# not happy with Ridget



## flyy (Dec 31, 2013)

I had a simple problem with my ridget pex crimpers. The adjusting screw fell out and i couldnt find it. So i contacted ridget and asked them to send me another screw. the first question they asked me was i willing to pay for the part. no problem.....afterall, how much could a #2x1/8" screw possibly cost. They then informed me that they would not mail it and that i had to go to one of their service centers. After a $60/3 hour drive to find out the service center doesn't have the screw in stock. The service center had to order it and i would pay $1.50 for the screw and $15. for mail. And the service center wouldn't mail it either.
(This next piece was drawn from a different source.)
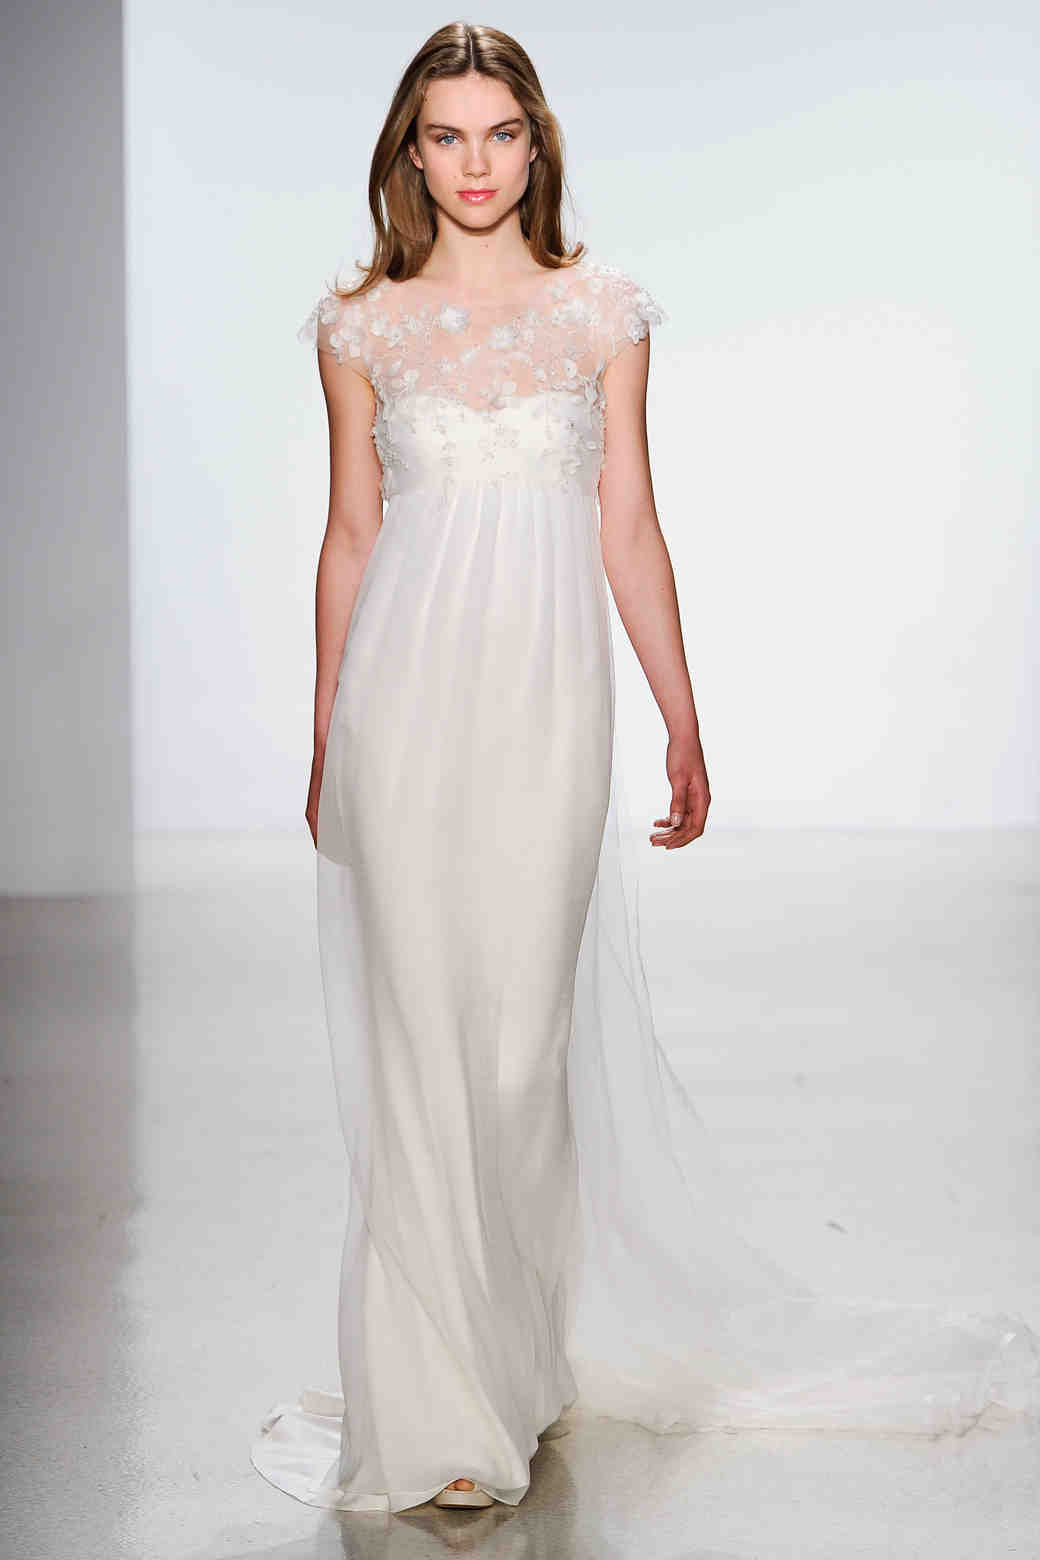 Illusion wedding dresses spring 2014 martha stewart weddings ombrellifo Image collections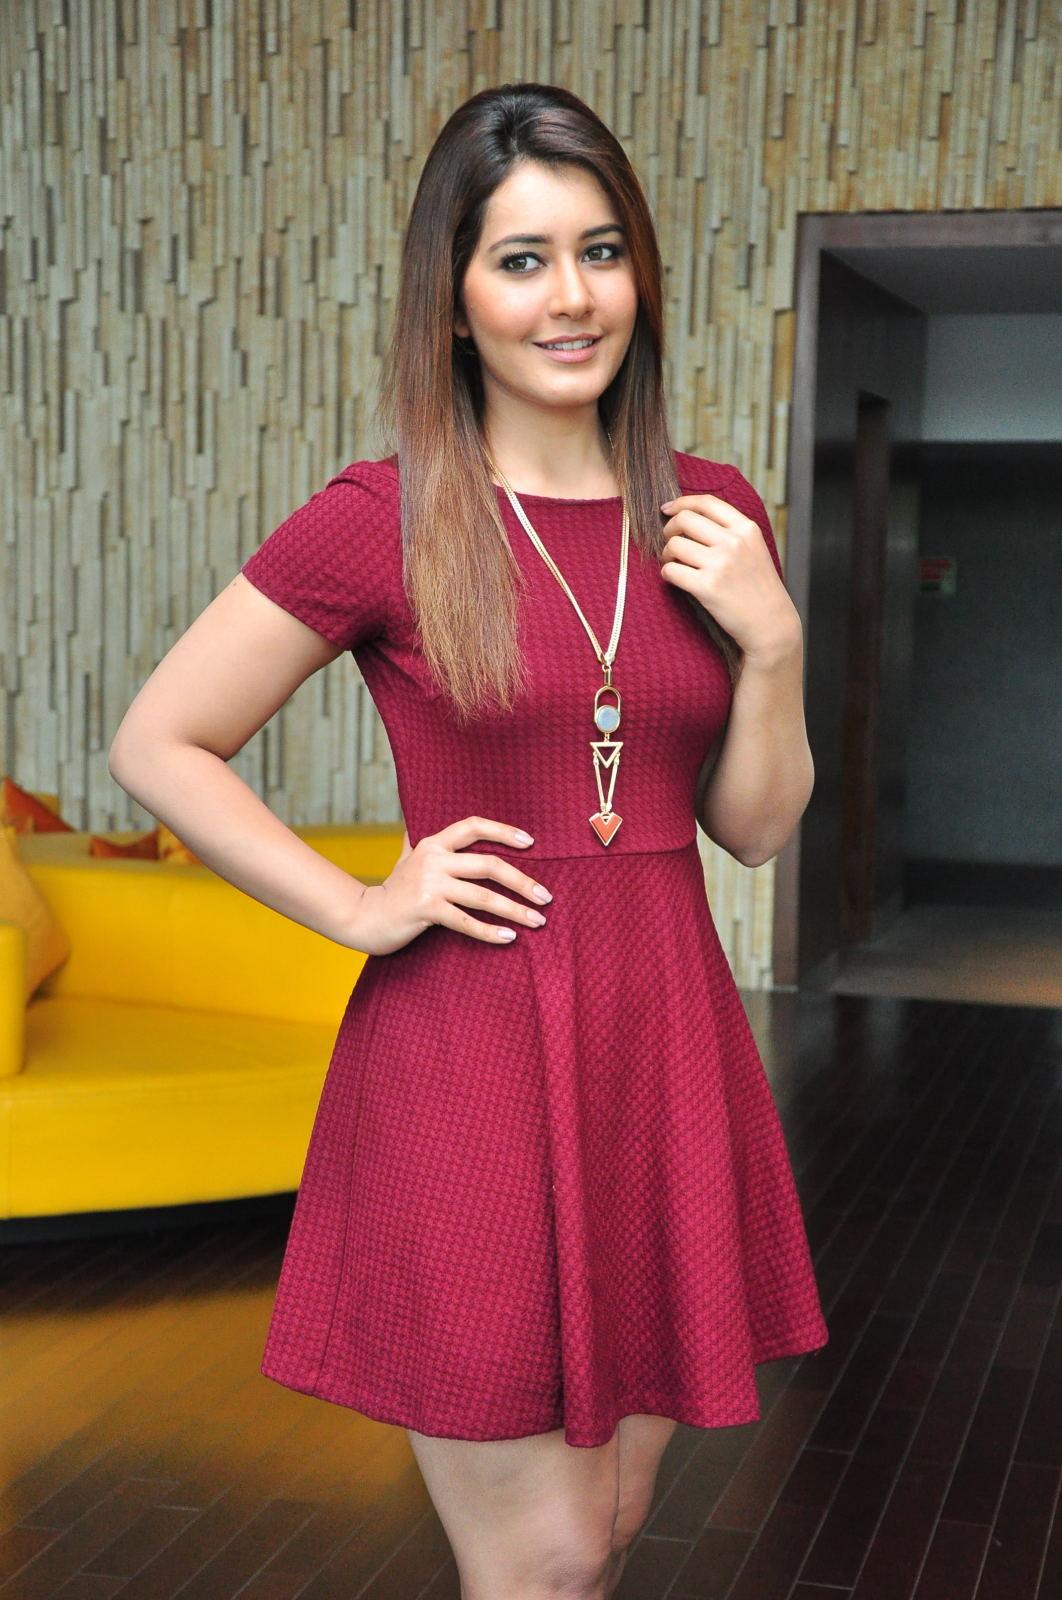 Rashi Khanna Legs Photos Outdoor Images Hd - Bolly Actress -5010

What a buracracy. 
Instead of going all the way back to that service center, i instead discovered that my local hardware store sold Bow crimpers for half the price that i paid for my ridgets at the wholesalers price. And the best part is, these Bow crimpers looked exactly like the ridgets, right down to the screw. Go figure. 
Does ridget even have a lifetime warrenty anymore?


----------



## Shoot'N'Plumber (Apr 27, 2013)

Yea I stopped using Ridget a few years ago! Now I'm only a Ridgid guy:thumbsup:


----------



## Pacificpipes (Oct 1, 2013)

You couldn't buy that screw in town? Ridgit sucks too is that harbor freight?


----------



## plumbdrum (Nov 30, 2013)

I use Craftmad

Sent from my iPhone using PlumbingZone


----------



## themavinator (Apr 15, 2009)

I prefer idget tools. Cheaper but still good quality.


----------



## Nathan901 (Feb 11, 2012)

'Chanel locks?


----------



## Flyout95 (Apr 13, 2012)

*ridgid


The name is right on the tool.


----------



## SchmitzPlumbing (May 5, 2014)

is it a typo or is there actually a ridget tool brand? i am not messing with you. i only use name brand tools. ridgid, snap on, etc. i dont get any half assed tool catalogs that sell knock offs.


----------



## Tommy plumber (Feb 19, 2010)

Maybe China makes a Ridgid knock-off called 'Ridgit'....:laughing:


----------



## newyorkcity (Nov 25, 2010)

My favorite are the ebay ads for Ridgid parts that say "fits Ridgid".


----------



## GrtLksPlbr (Aug 12, 2014)

Is Ridget like Ridgid, but made in France?


----------



## Plumber1970 (Mar 6, 2013)

Is it Cresent or Croissant? I kinda want a pastry now...


----------